A comparison of vendor artificial intelligence solutions for automated post-processing of short-axis cine images in cardiovascular magnetic resonance imaging
Authors
- Thomas Hadler
- Clemens Ammann
- Hadil Saad
- Yashraj Bhoyroo
- Jana Veit
- Teodora Chitiboi
- Jens Wetzl
- Christian Geppert
- Jeanette Schulz-Menger
Journal
- Scientific Reports
Citation
- Sci Rep 16 (1): 17154
Abstract
Automated segmentation of cardiac magnetic resonance (CMR) imaging is integrated into clinical workflows, yet comparative performance across vendor AI solutions remains insufficiently characterized. This study assessed three models (two commercial, one research) for short-axis cine segmentation in a diverse cohort of 346 cases, including dilated cardiomyopathy (DCM), left ventricular hypertrophy (LVH), healthy volunteers, and other cardiac diseases. Clinical parameter agreement between AI-derived and expert-derived ventricular volumes and left ventricular mass (LVM) was evaluated using correlations and mean differences, segmentation agreement with Dice coefficient, and slice detection was characterized with false positive and negative rates (FPR/FNR). Papillary muscle (PM) inclusion was examined with subgroup analyses.

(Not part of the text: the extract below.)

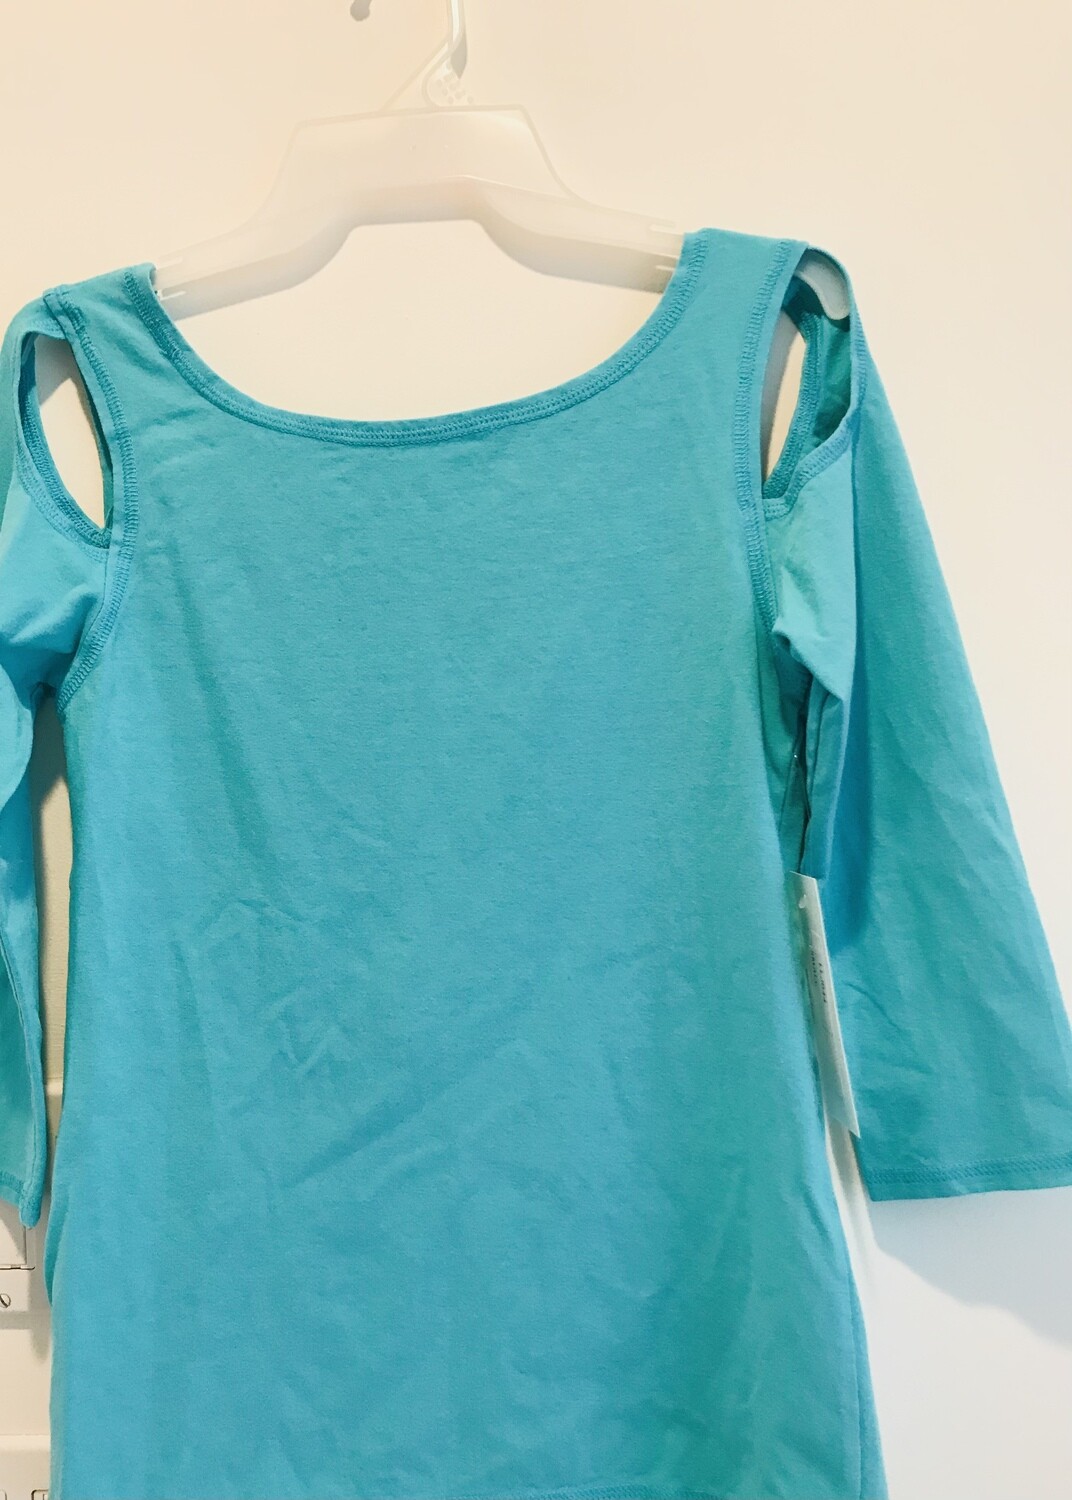 Luna Luz: Three-Quarter Open Sleeve Cotton Top (Ships Immed in Angel Blue!)

AI-derived clinical parameters agreed strongly with expert measurements (r > 0.8). Nevertheless, inter-model biases included differing ventricular volume estimates. Midventricular segmentation was reliable (Dice > 80%), whereas apical slices were poor (Dice < 65%) with minor area impact (< 1cm(2)). Basal slice detection varied substantially, with AI1 and AI2 over- and AI3 under-detecting slices (e.g. RV FPR: AI1 24%, AI2 14%, AI3 FNR: 32%), producing large area differences. Due to PM exclusion AI2 overestimated volumes and underestimated LVM - particularly LVH-cases. While AI-expert agreement is high, AI solutions are not interchangeable and produce clinically relevant differences to experts across cardiac regions and disease groups.